La película narra la historia de un trabajador precario —figura arquetípica del "excedente" del capitalismo tardío— que, al encontrar unas gafas de sol especiales, comienza a ver la verdad oculta tras las apariencias cotidianas. Vallas publicitarias, titulares de periódicos, tarjetas de crédito y fachadas urbanas revelan mensajes subliminales como "obedecer", "consumir", "reproducirse", "no cuestionar" y "ver la televisión". El descubrimiento no solo revela una élite alienígena infiltrada entre los humanos, sino que también pone al descubierto el funcionamiento ideológico del propio mundo social.
La metáfora es simple, pero su alcance es profundo. ellos viven Transforma lo fantástico en crítica social radical: los extraterrestres no dominan la Tierra mediante la violencia manifiesta, sino mediante el control invisible de la percepción, el lenguaje y el deseo. El dispositivo de las gafas funciona como una especie de «despertar ideológico», un mecanismo que permite al protagonista ver más allá de la superficie, es decir, más allá de la ideología como falsa conciencia.
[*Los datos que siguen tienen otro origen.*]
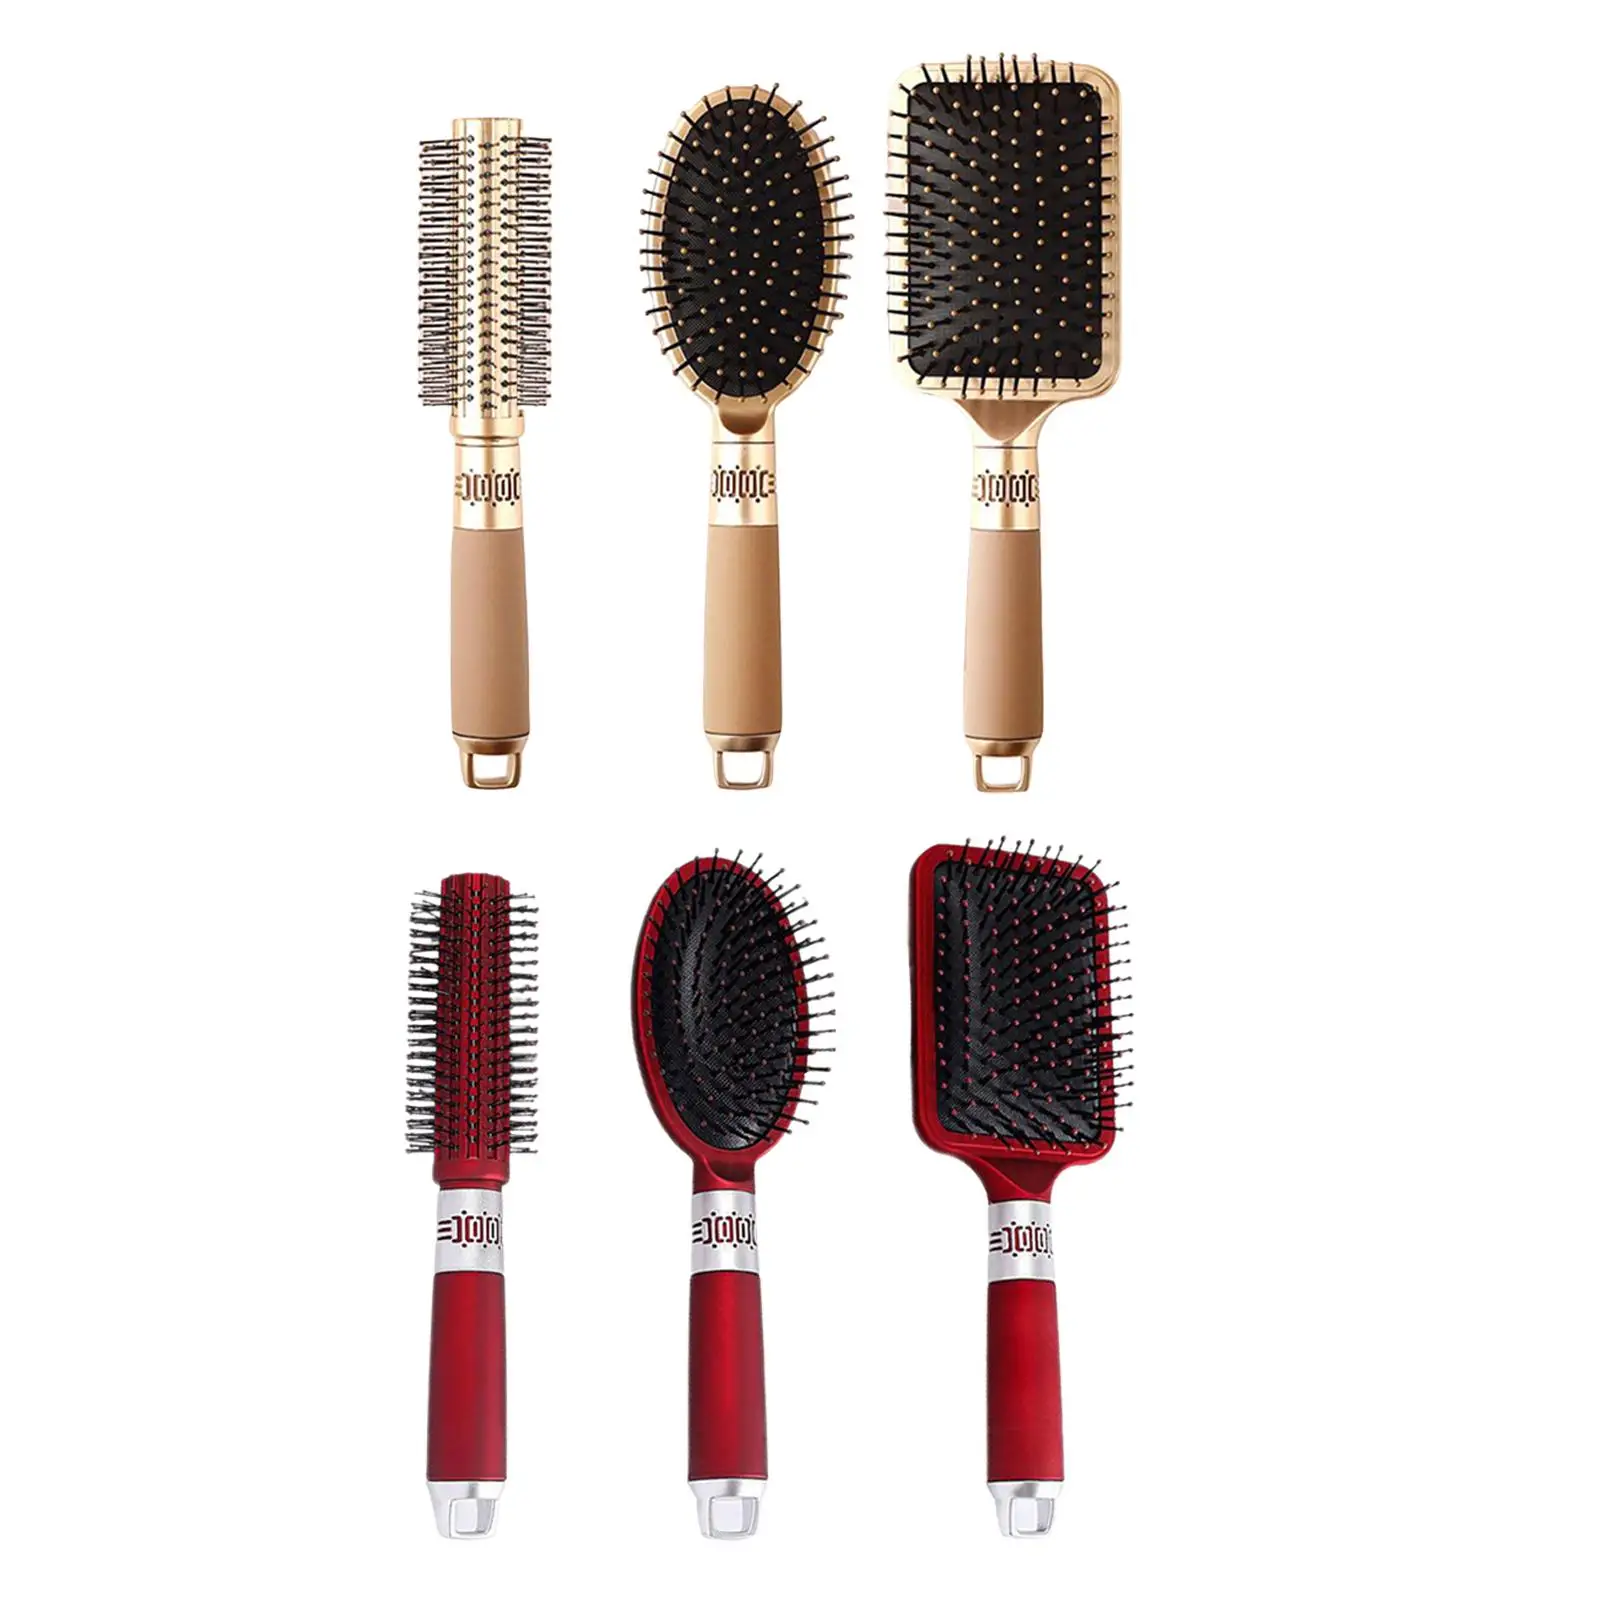 

3x Hair Brush Set with Ball Tip Bristles Hairbrushes for Straight Thick Curly Hair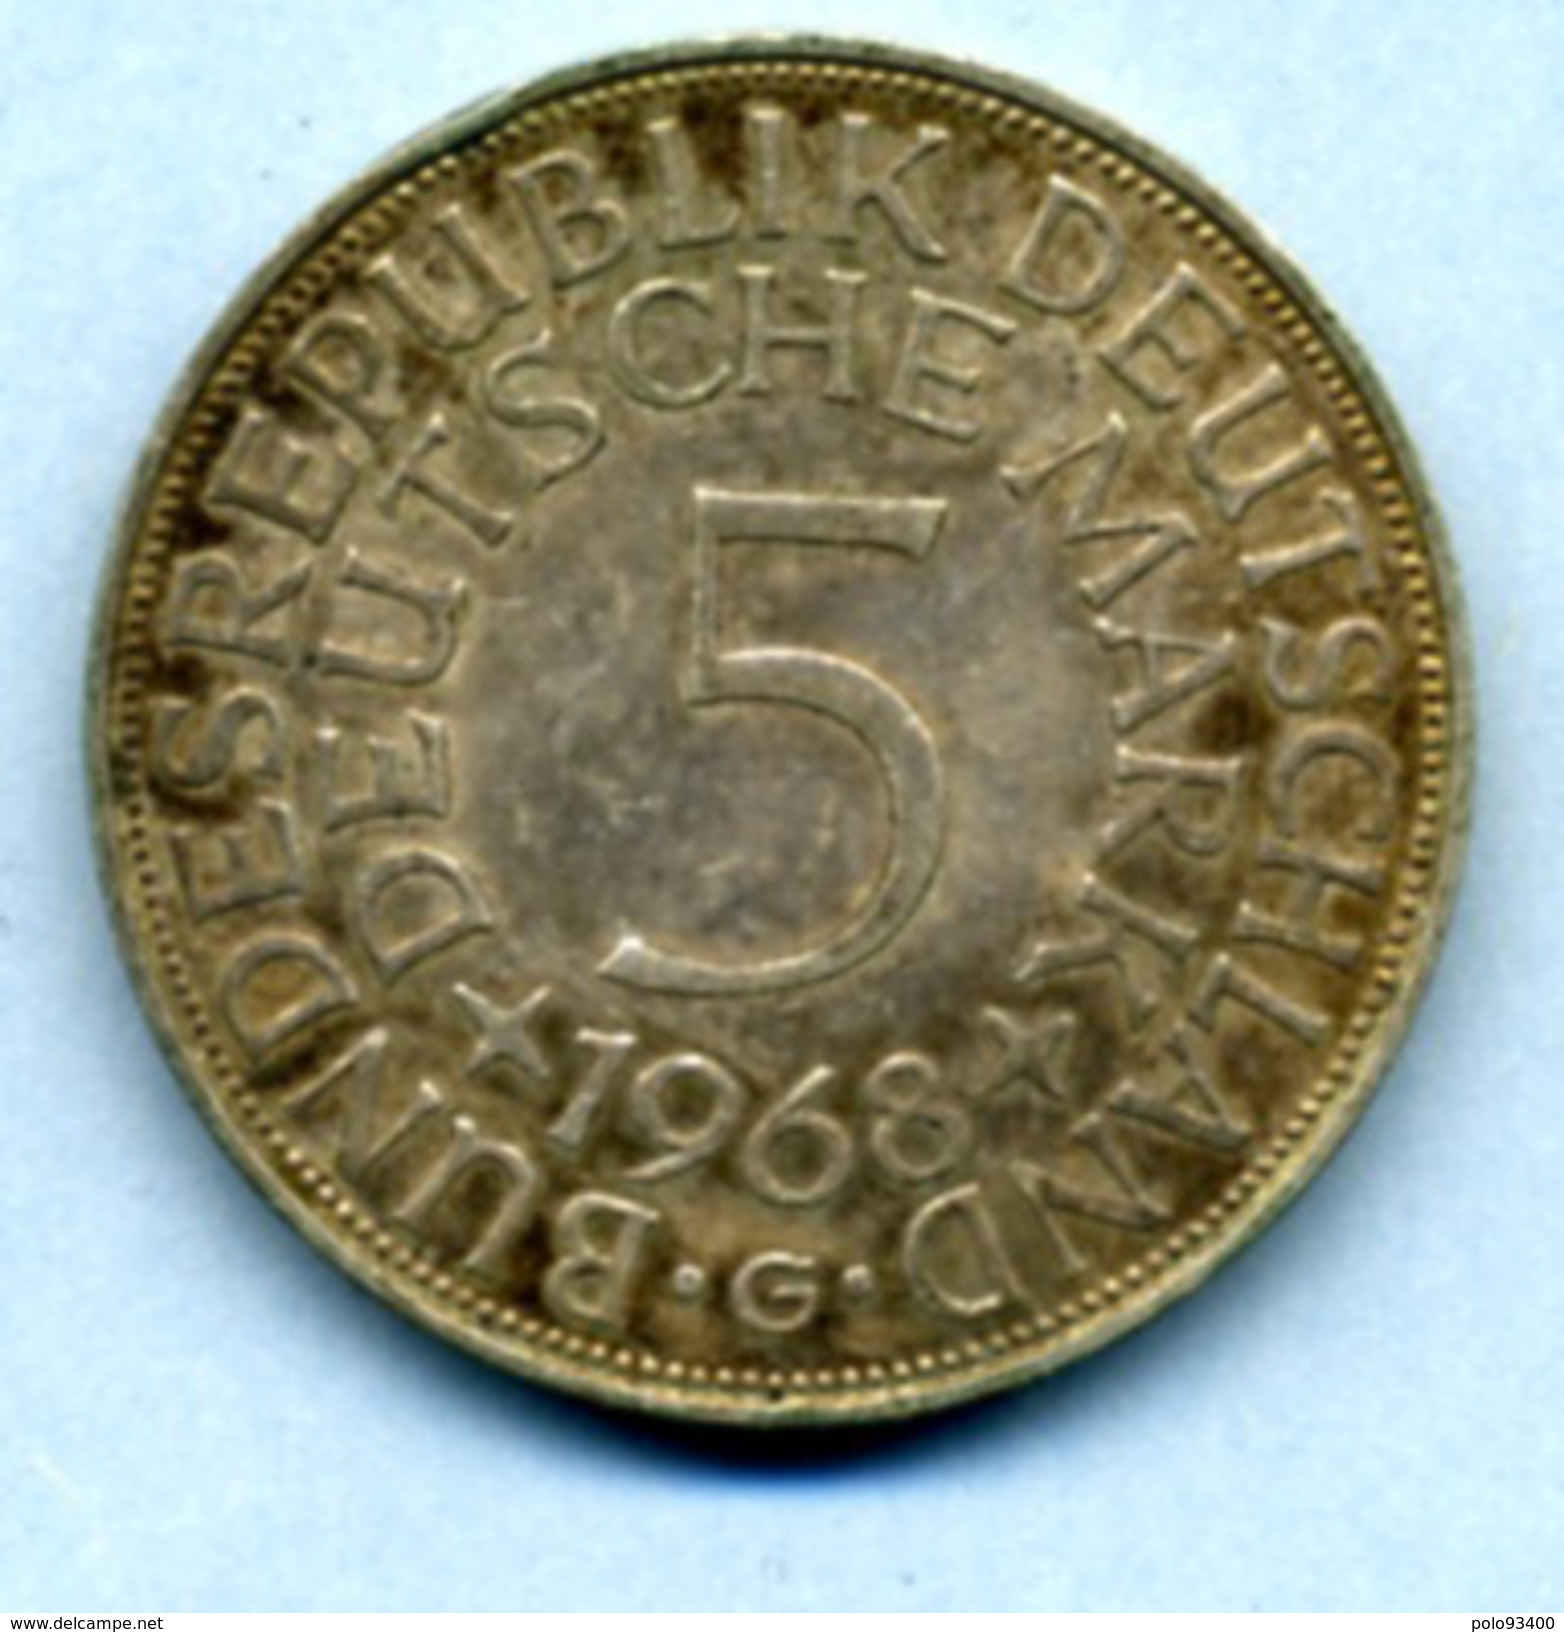 1968 G 5 MARKS SILVER - 5 Marchi

Pero, como nos recuerda Slavoj Žižek, la ideología no es simplemente un velo que cubre la realidad objetiva: es la realidad social misma tal como se vive. Parafraseando a Slavoj Žižek en su lectura de ellos viven, “sólo a través de la ideología podemos 'ver' la realidad” —es decir, la ideología es la estructura que da forma a lo que parece natural, espontáneo, evidente.
En la lectura de Slavoj Žižek, las gafas de ellos viven No revelan una esencia oculta tras la apariencia, sino que exponen el mecanismo que la sustenta como «realidad». El gesto de ponerse las gafas es análogo al gesto de la crítica ideológica: no se trata solo de desenmascarar una mentira, sino de percibir cómo esta sustenta el propio régimen de la verdad. Mensajes como «obedecer» o «consumir» no están ocultos en el sentido conspirativo; son evidentes, pero naturalizados. La ideología, por lo tanto, opera menos como censura y más como una producción activa de subjetividades, afectos y deseos conformados.
Esta percepción encuentra eco en la obra de Guy Debord, especialmente en La Sociedad del Espectáculo (1967). Para Guy Debord, la sociedad capitalista evolucionó hacia la sustitución de la experiencia directa por la mediación de imágenes. «El espectáculo no es un conjunto de imágenes, sino una relación social entre personas mediada por imágenes», afirma el autor. En ellos vivenEsta mediación se materializa en fachadas que ocultan imperativos de obediencia, en dinero que luce la inscripción «Este es tu Dios» y en la televisión como dispositivo de hipnosis colectiva. La ciudad, con sus escaparates, anuncios y rascacielos, no es solo un espacio urbano, sino un escenario espectacular donde la alienación se convierte en paisaje.
Guy Debord propone que la vida en el capitalismo tardío se vive como representación. Por lo tanto, la realidad se estetiza, se enmascara y se atomiza. Los individuos no se limitan a consumir mercancías: se convierten en mercancías, venden su imagen y se convierten en espectáculo.
Em ellos vivenEl horror no se limita al descubrimiento de los alienígenas infiltrados, sino a la constatación de que la dominación se ha internalizado, de que la sumisión se experimenta como libertad. El protagonista, al despertar, no encuentra resistencia organizada ni sujetos emancipados, sino un mundo de indiferencia, conformismo y complicidad. La lucha contra el sistema no se limita a una élite dominante, sino a la estructura misma del deseo socialmente producido.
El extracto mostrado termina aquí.